• [WHAT YOU ARE ASKED TO DO] Practice item. Set the material below down again exactly, with no pictures.

• [SOURCE DATA]
____

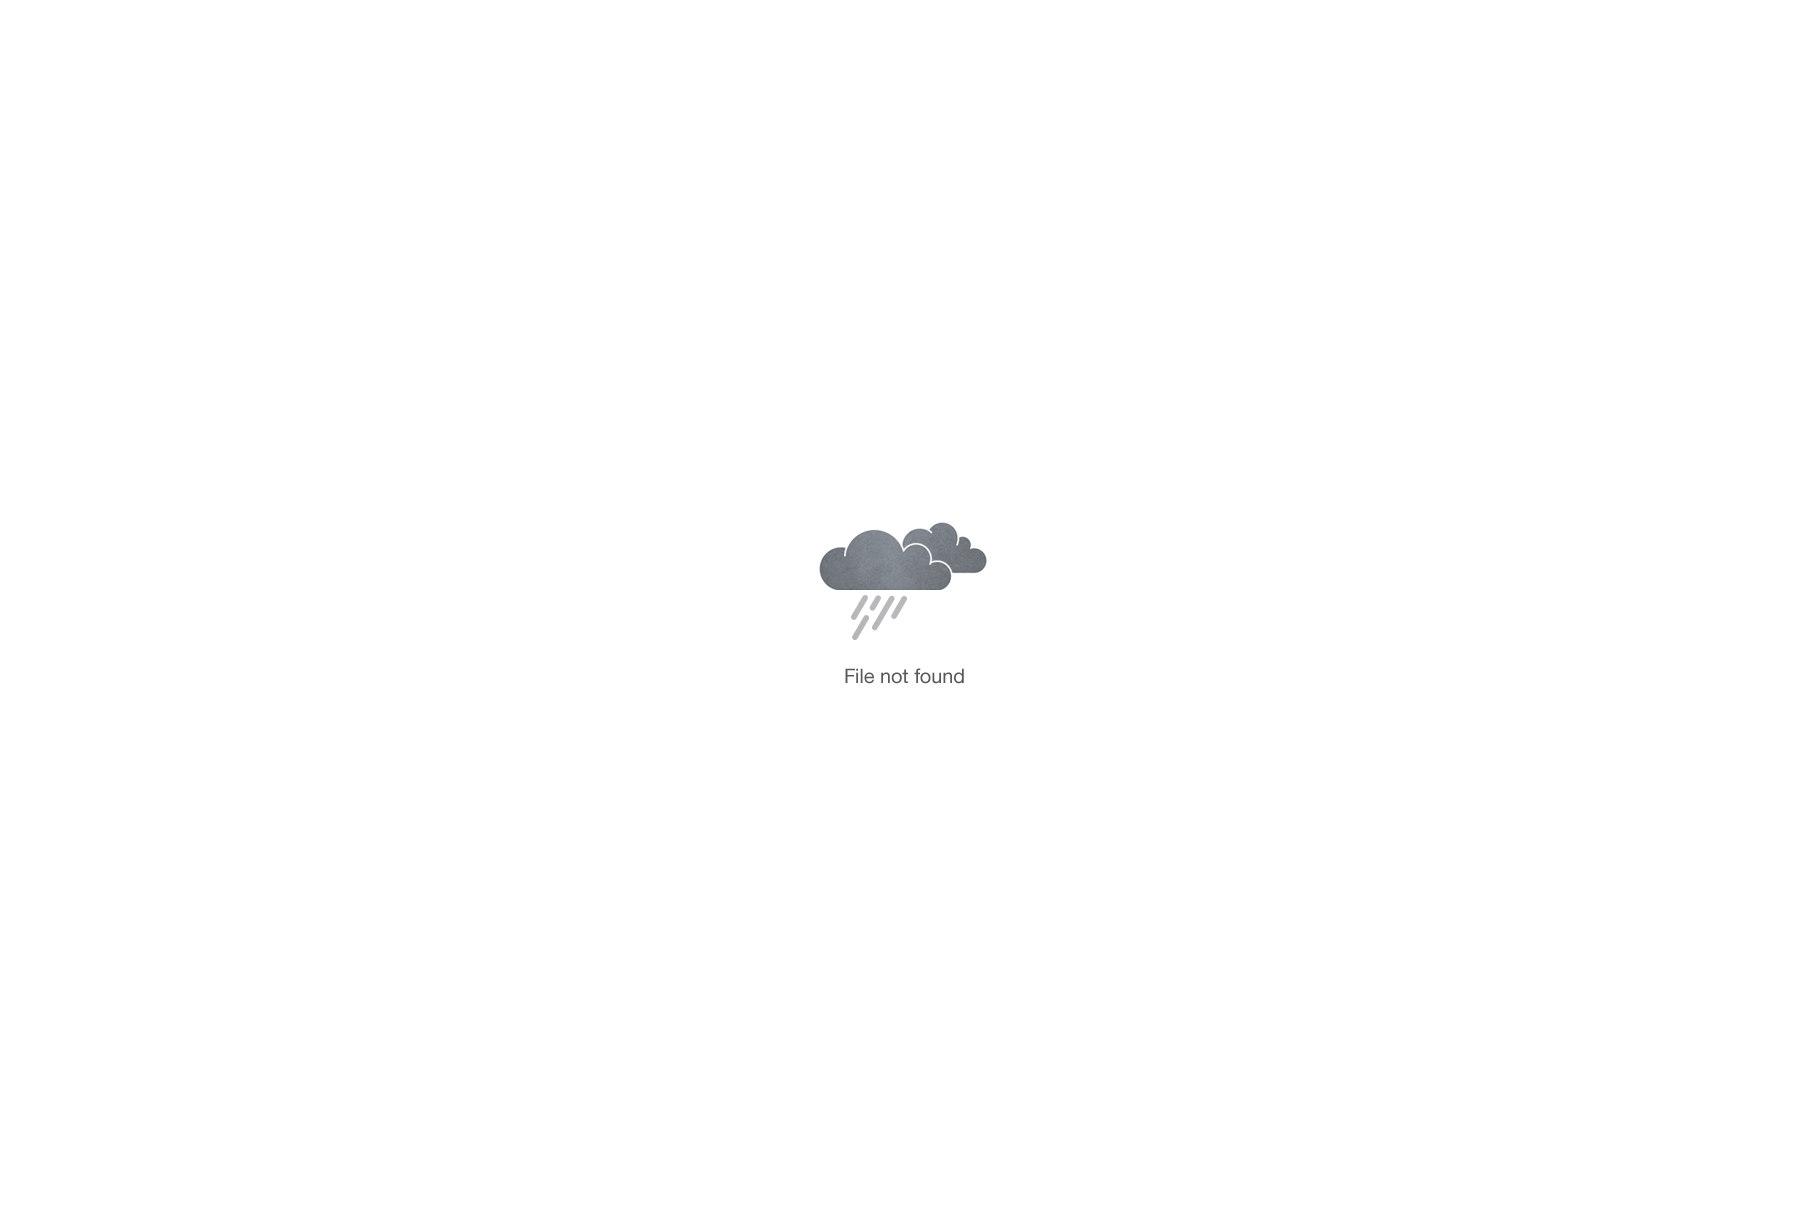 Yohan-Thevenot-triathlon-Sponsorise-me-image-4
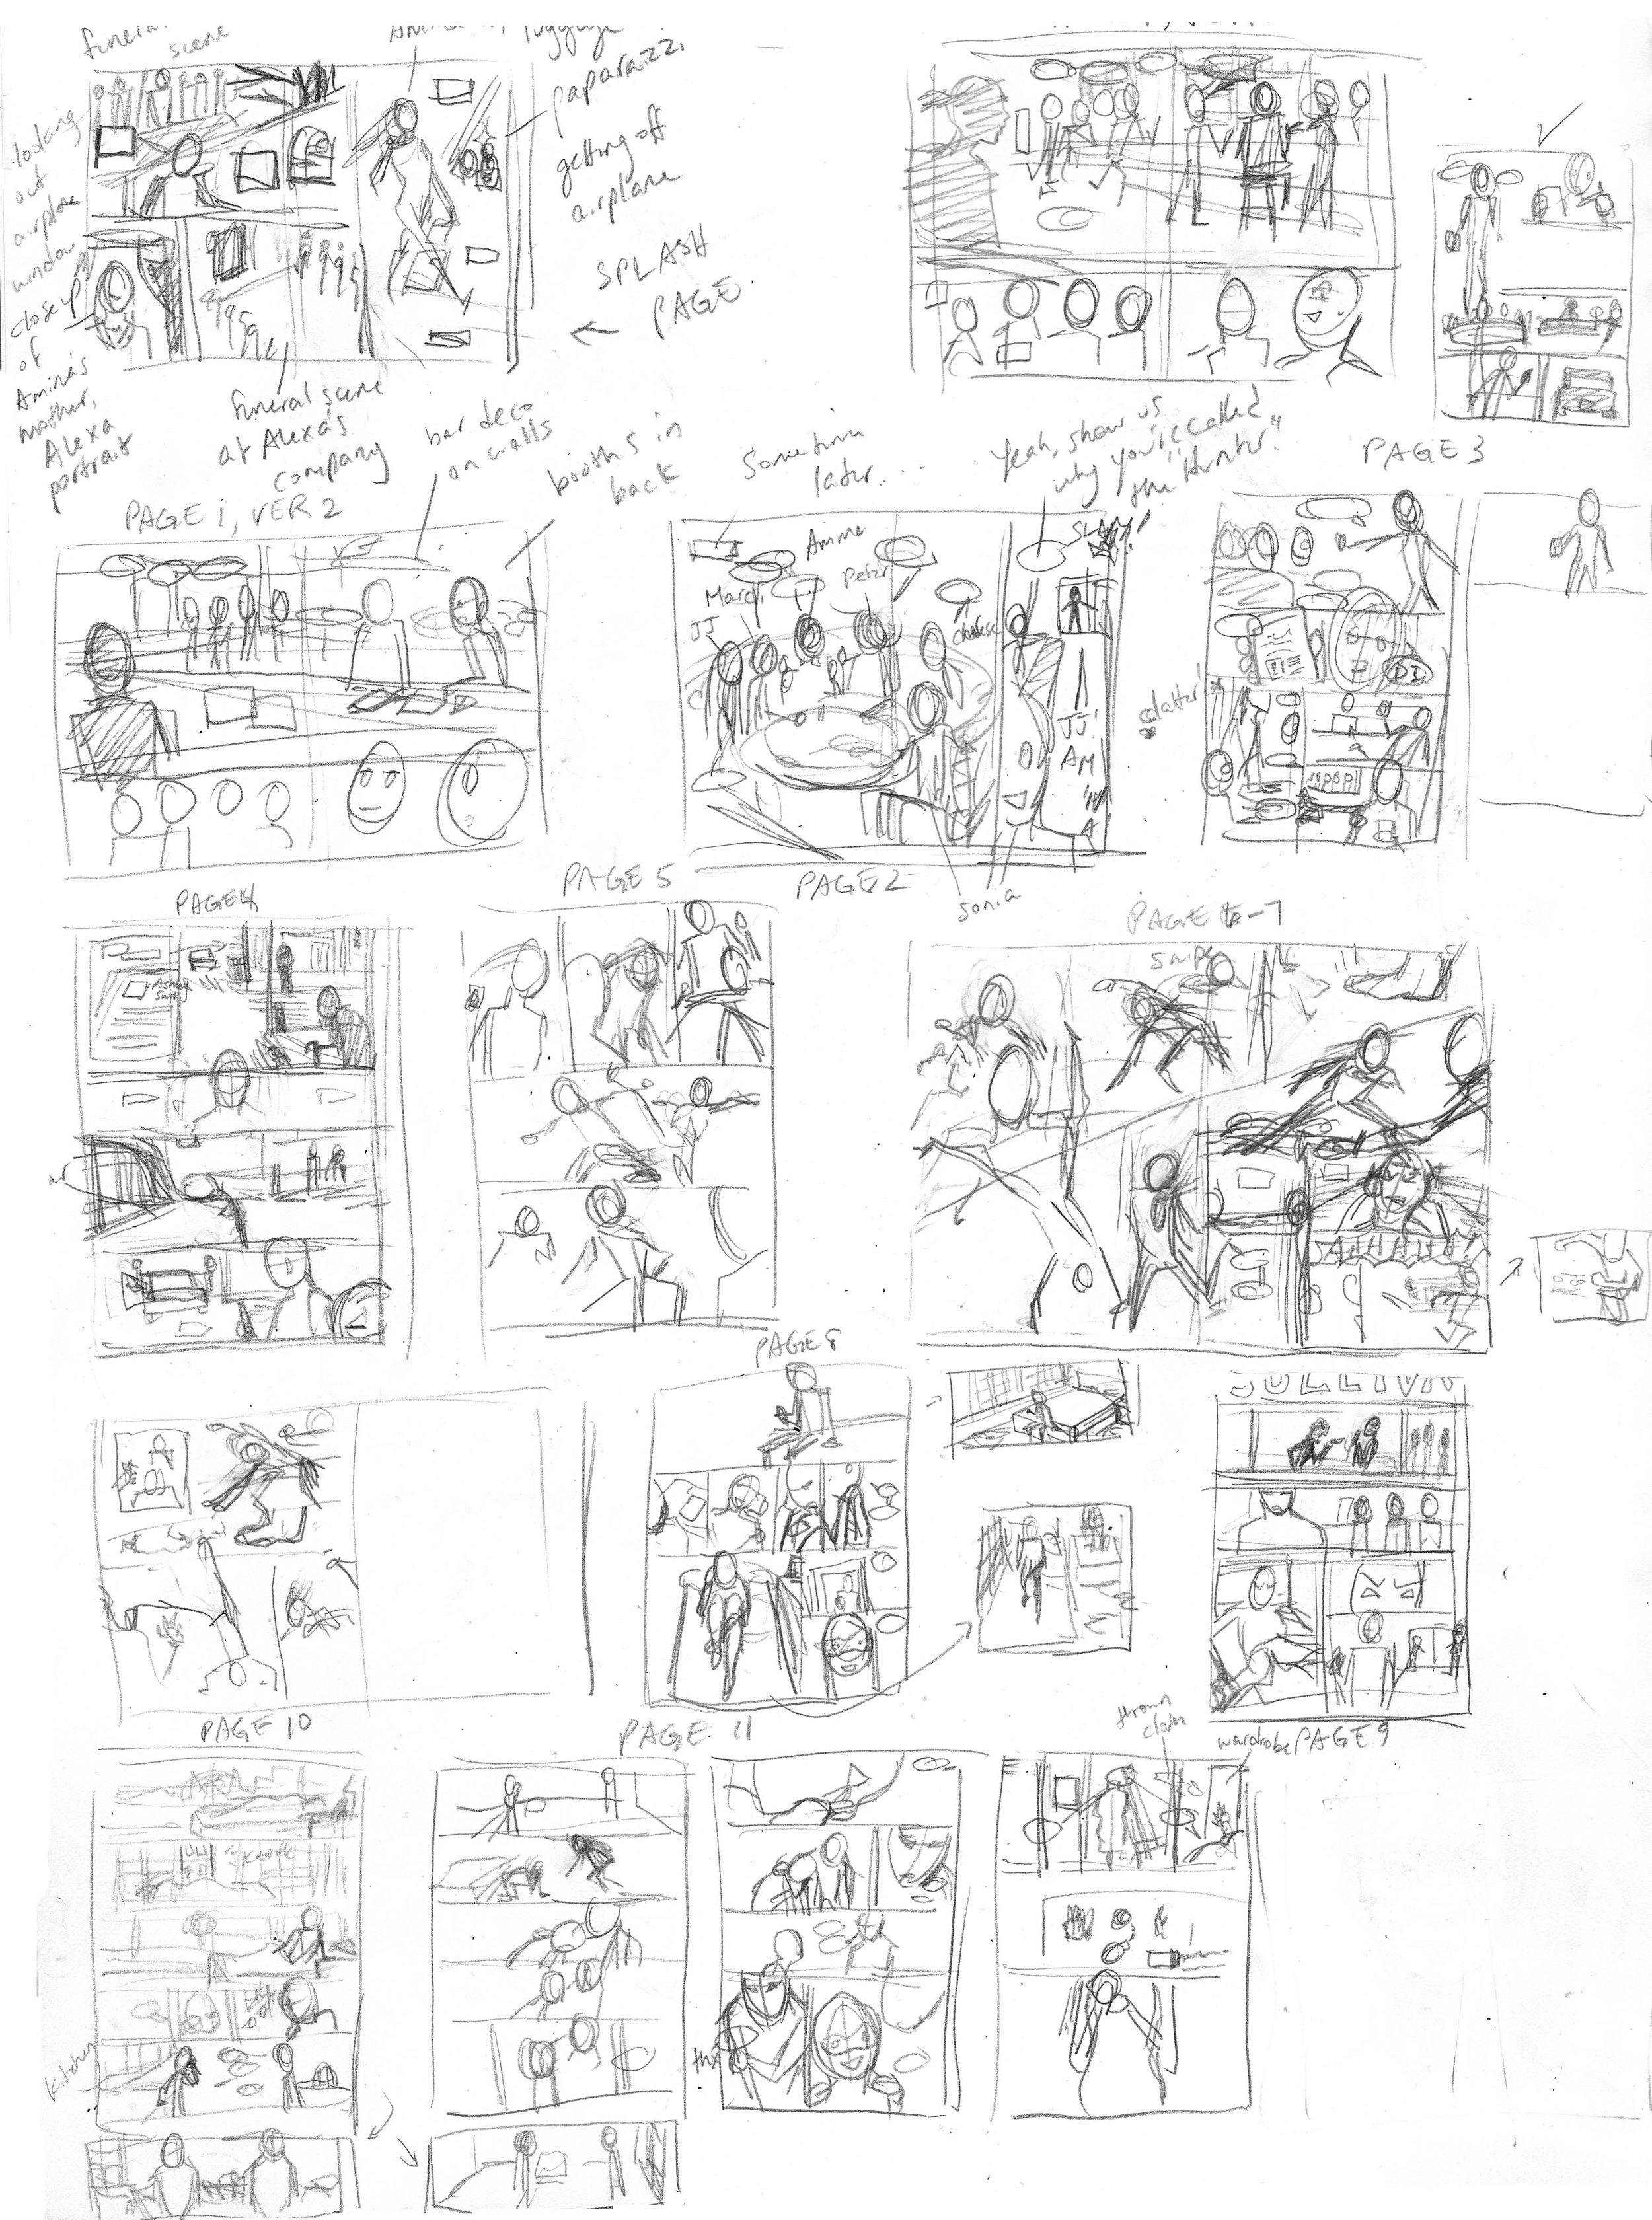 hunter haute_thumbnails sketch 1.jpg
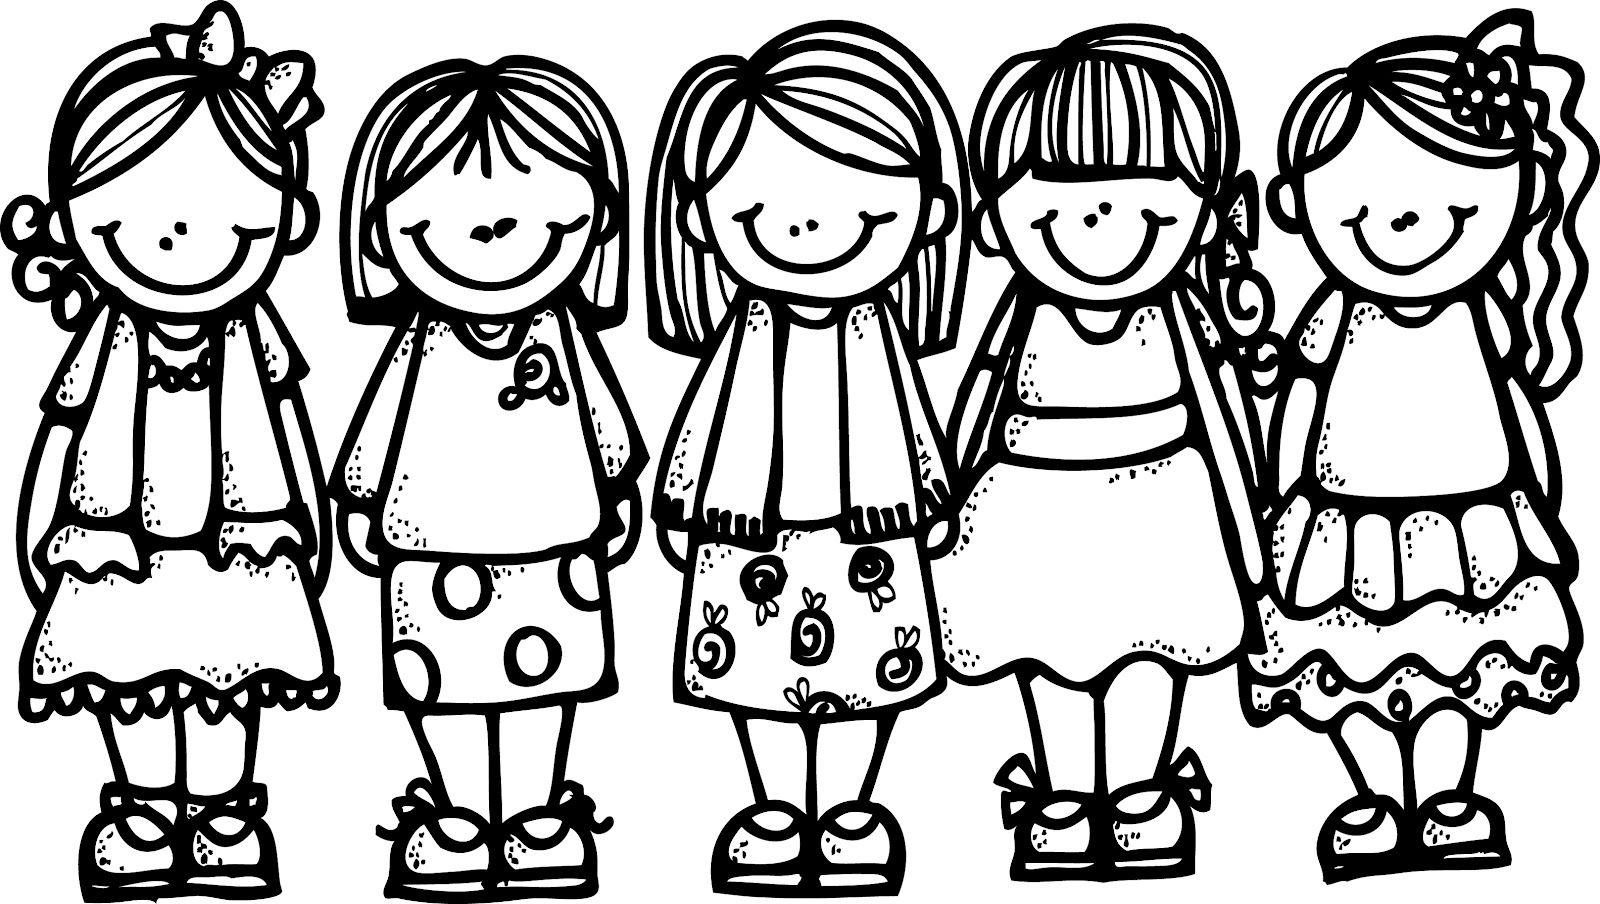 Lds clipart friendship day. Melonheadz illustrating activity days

____

• [REPLY TO THE TASK]
 Yohan-Thevenot-triathlon-Sponsorise-me-image-4
 hunter haute_thumbnails sketch 1.jpg
 Lds clipart friendship day. Melonheadz illustrating activity days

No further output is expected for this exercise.